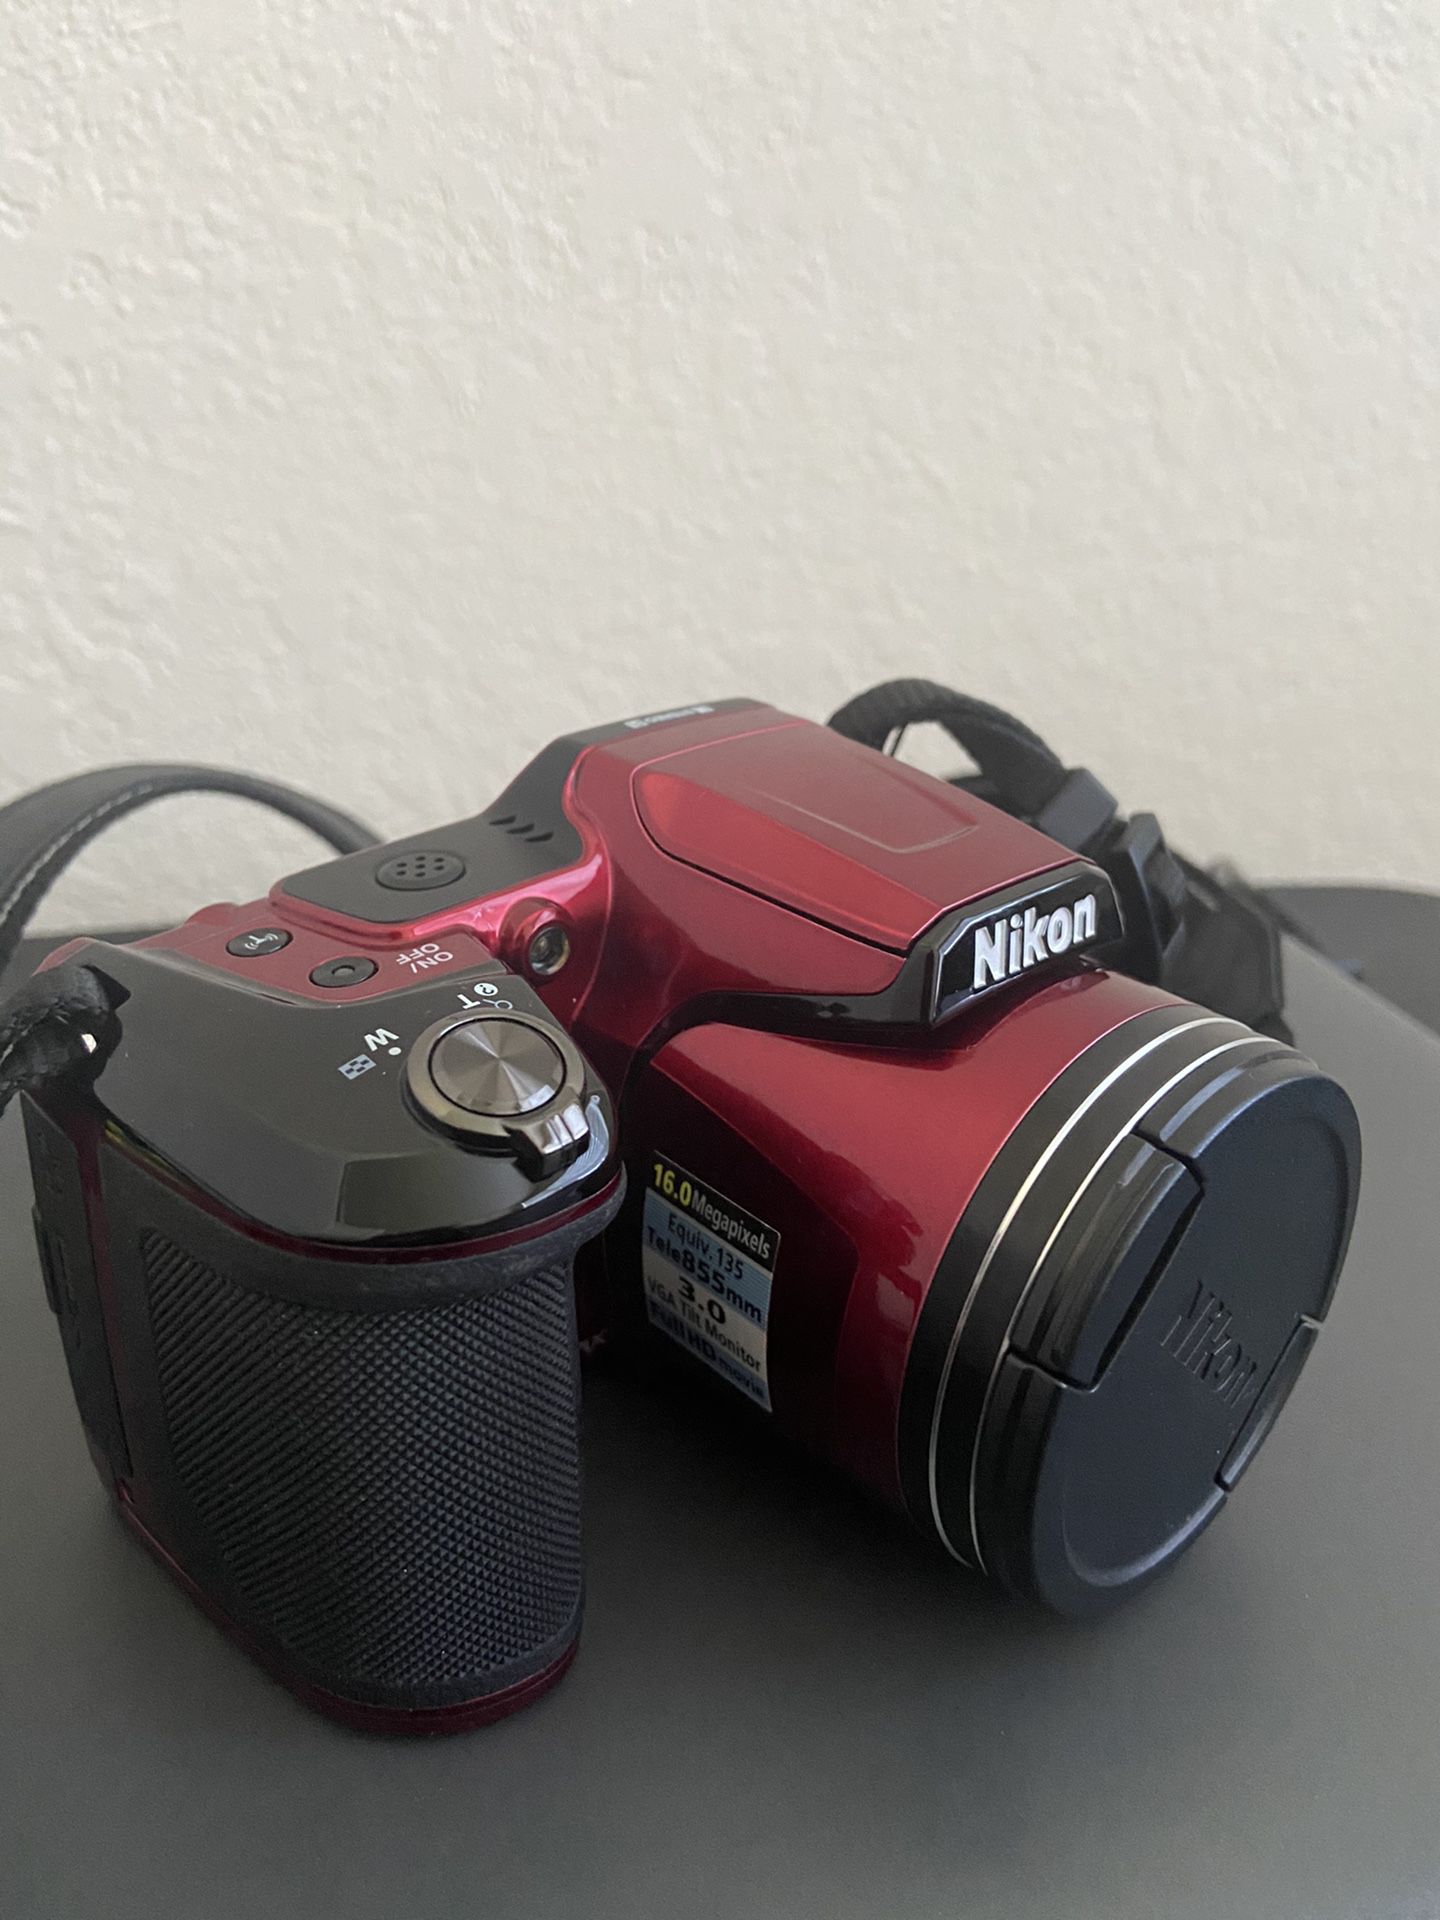 Nikon Digital Camera with case
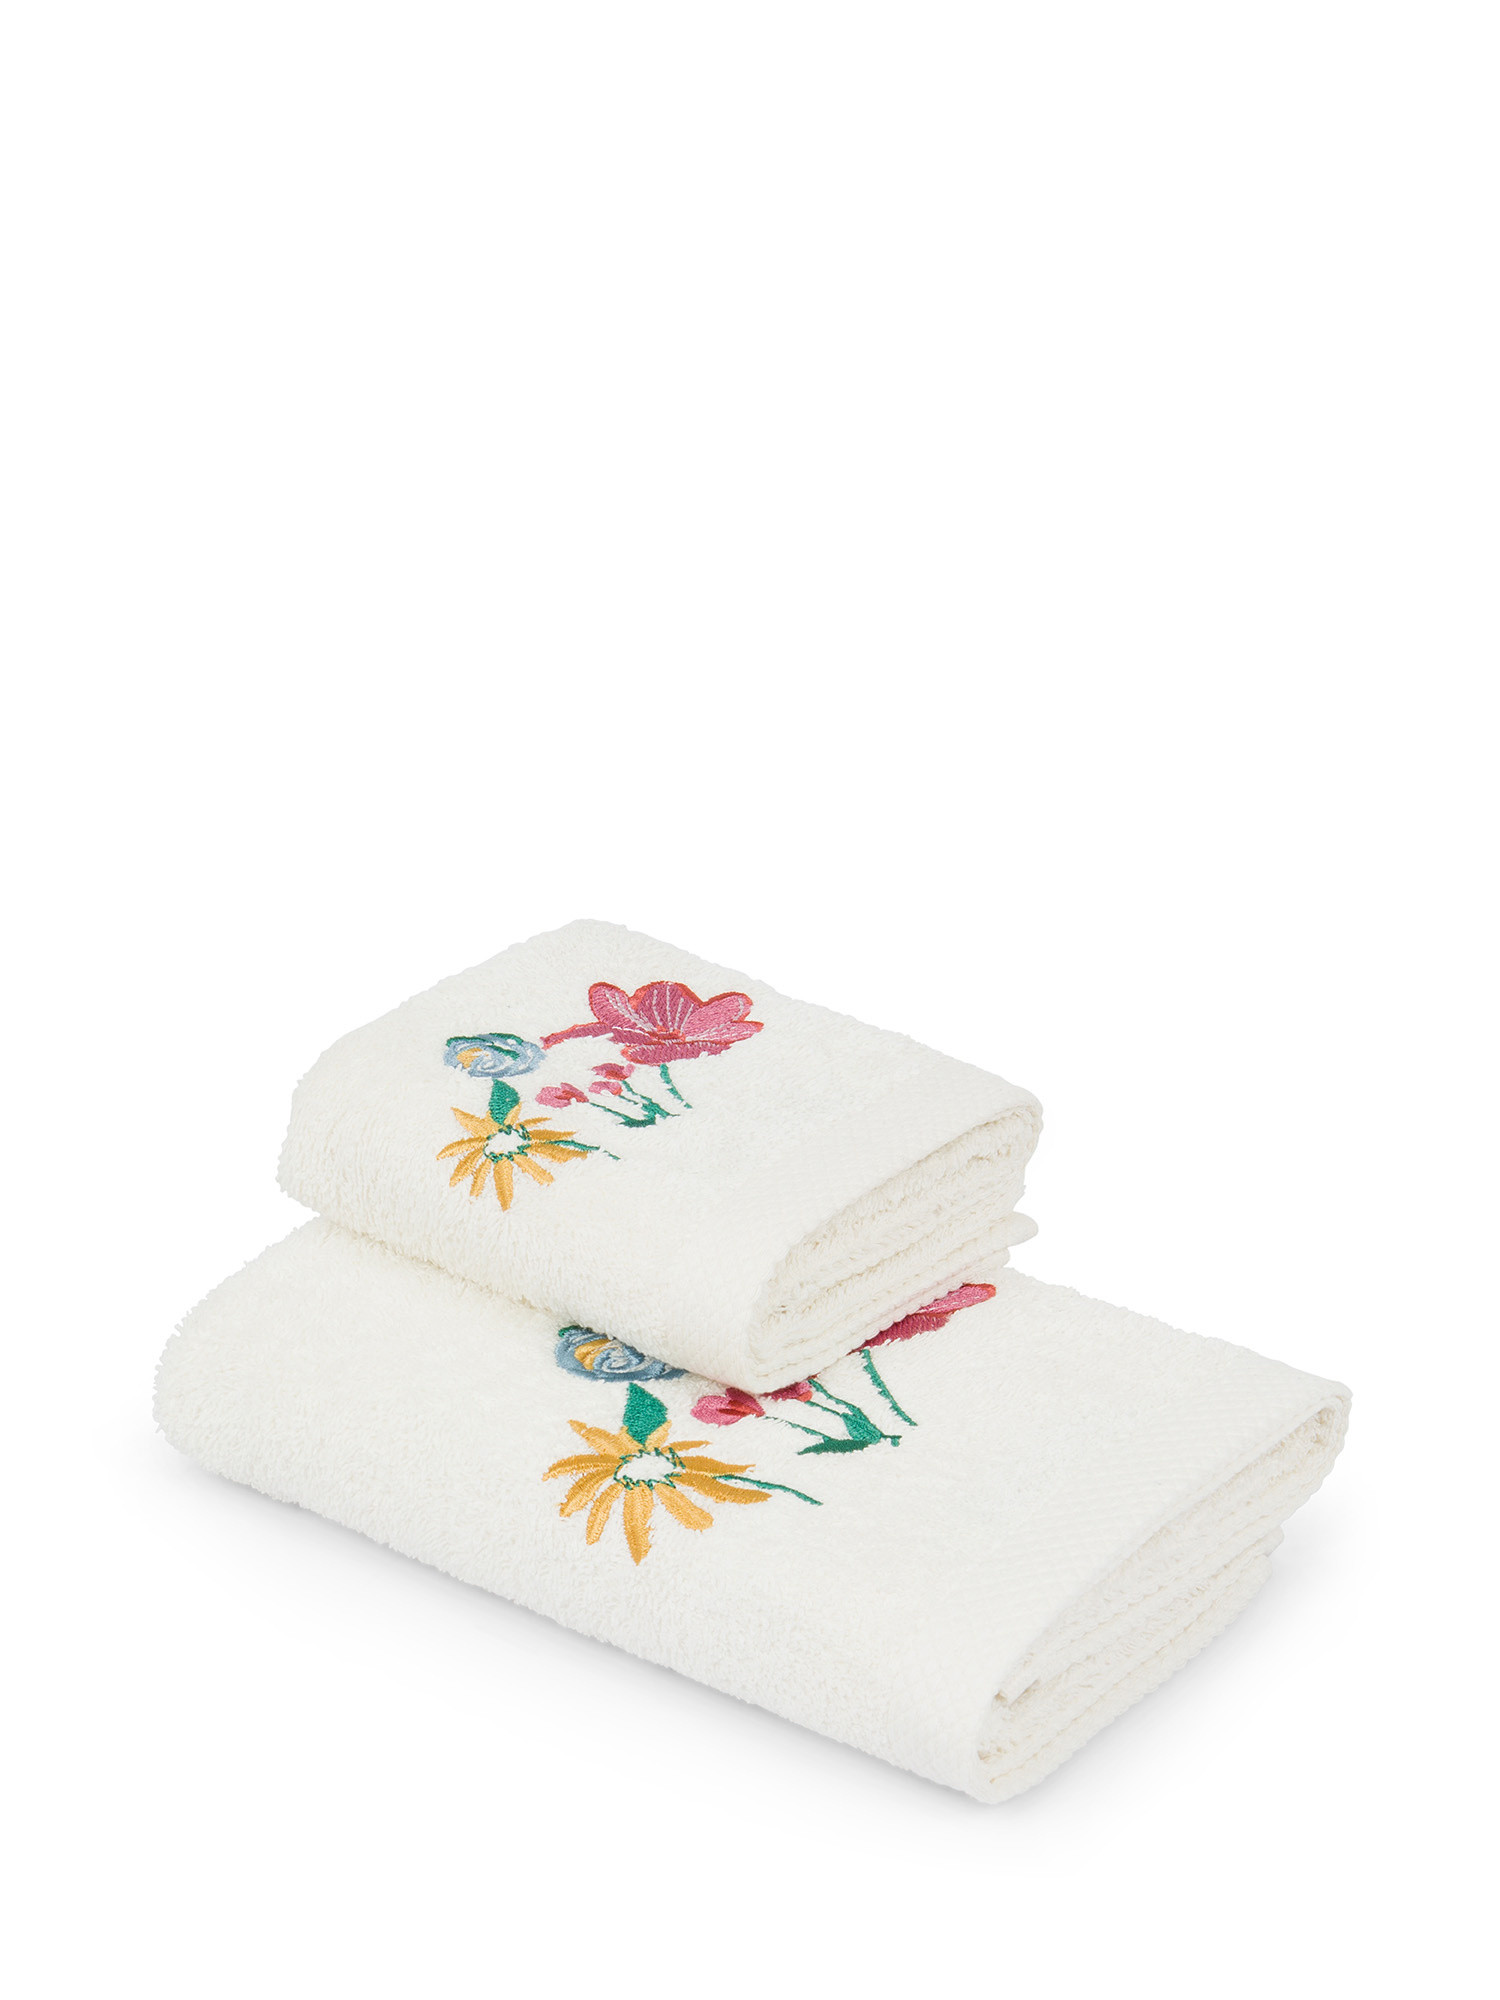 Asciugamano in spugna di cotone con ricamo floreale, Multicolor, large image number 0
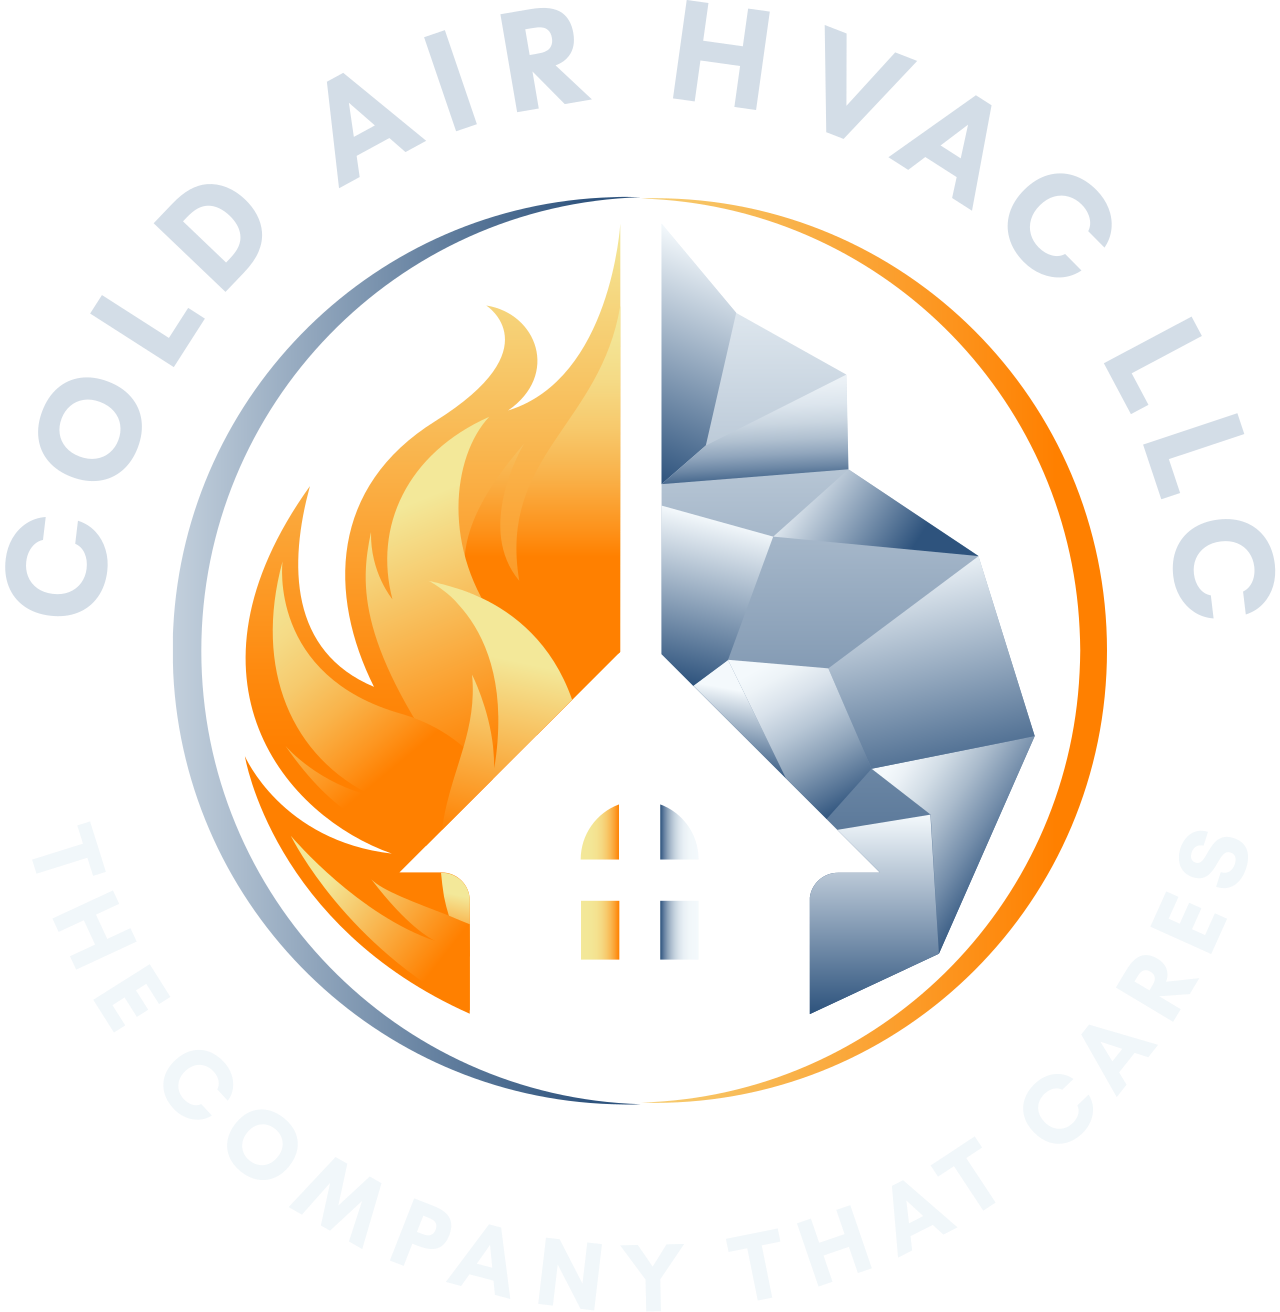 Cold Air HVAC LLC's logo

########

### Exercise requirements
Set down the entire material verbatim, with each picture left out.

### Result
 Nikon Digital Camera with case
 Asciugamano in spugna di cotone con ricamo floreale, Multicolor, large image number 0
 Cold Air HVAC LLC's logo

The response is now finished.